A zebra’s distinctive black-and-white stripes, or a leopard’s spots, are both examples of “Turing patterns,” after mathematician and computer scientist Alan Turing, who proposed an intriguing hypothetical mechanism for how such complex, irregular patterns might emerge in nature. But Turing’s original proposal proved too simplified to fully recreate those natural patterns. Scientists at the University of Colorado at Boulder (UCB) have devised a new modeling approach that achieves much more accurate final patterns by introducing deliberate imperfections, according to a new paper published in the journal Matter.
Turing focused on chemicals known as morphogens in his seminal 1952 paper.
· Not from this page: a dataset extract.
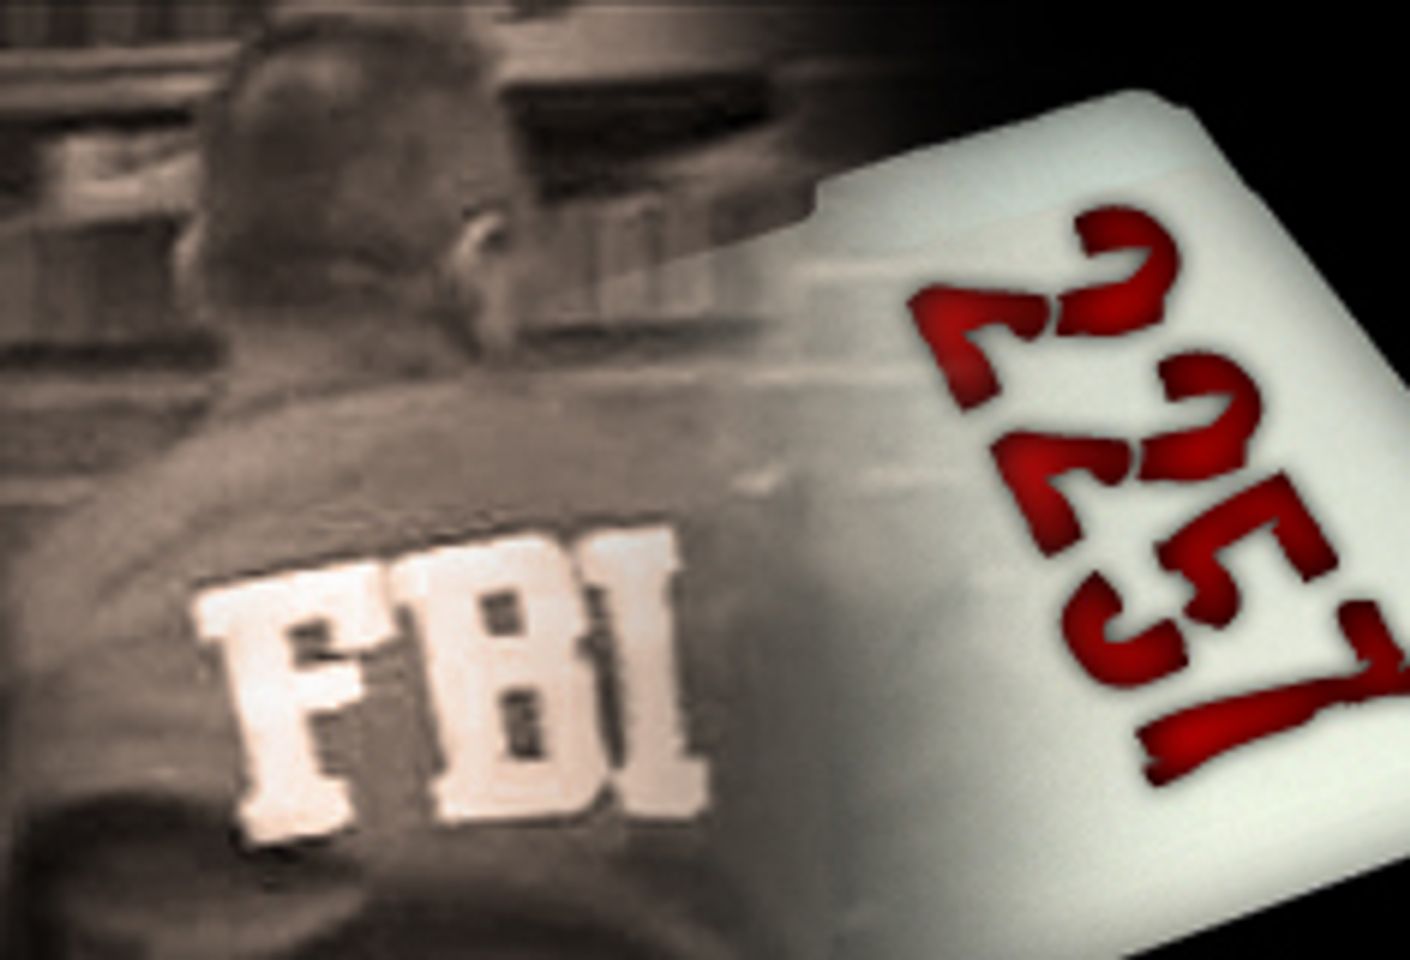 FBI Inspects Filmco Productions 2257 Records

He devised a mechanism involving the interaction between an activator chemical that expresses a unique characteristic (like a tiger’s stripe) and an inhibitor chemical that periodically kicks in to shut down the activator’s expression. Both activator and inhibitor diffuse throughout a system, much like gas atoms will do in an enclosed box. It’s a bit like injecting a drop of black ink into a beaker of water. Normally, this would stabilize a system, and the water would gradually turn a uniform gray. But if the inhibitor diffuses at a faster rate than the activator, the process is destabilized. That mechanism will produce spots or stripes.
Scientists have tried to apply this basic concept to many different kinds of systems. For instance, neurons in the brain could serve as activators and inhibitors, depending on whether they amplify or dampen the firing of other nearby neurons—possibly the reason why we see certain patterns when we hallucinate. There is evidence for Turing mechanisms at work in zebra-fish stripes, the spacing between hair follicles in mice, feather buds on a bird’s skin, the ridges on a mouse’s palate, and the digits on a mouse’s paw.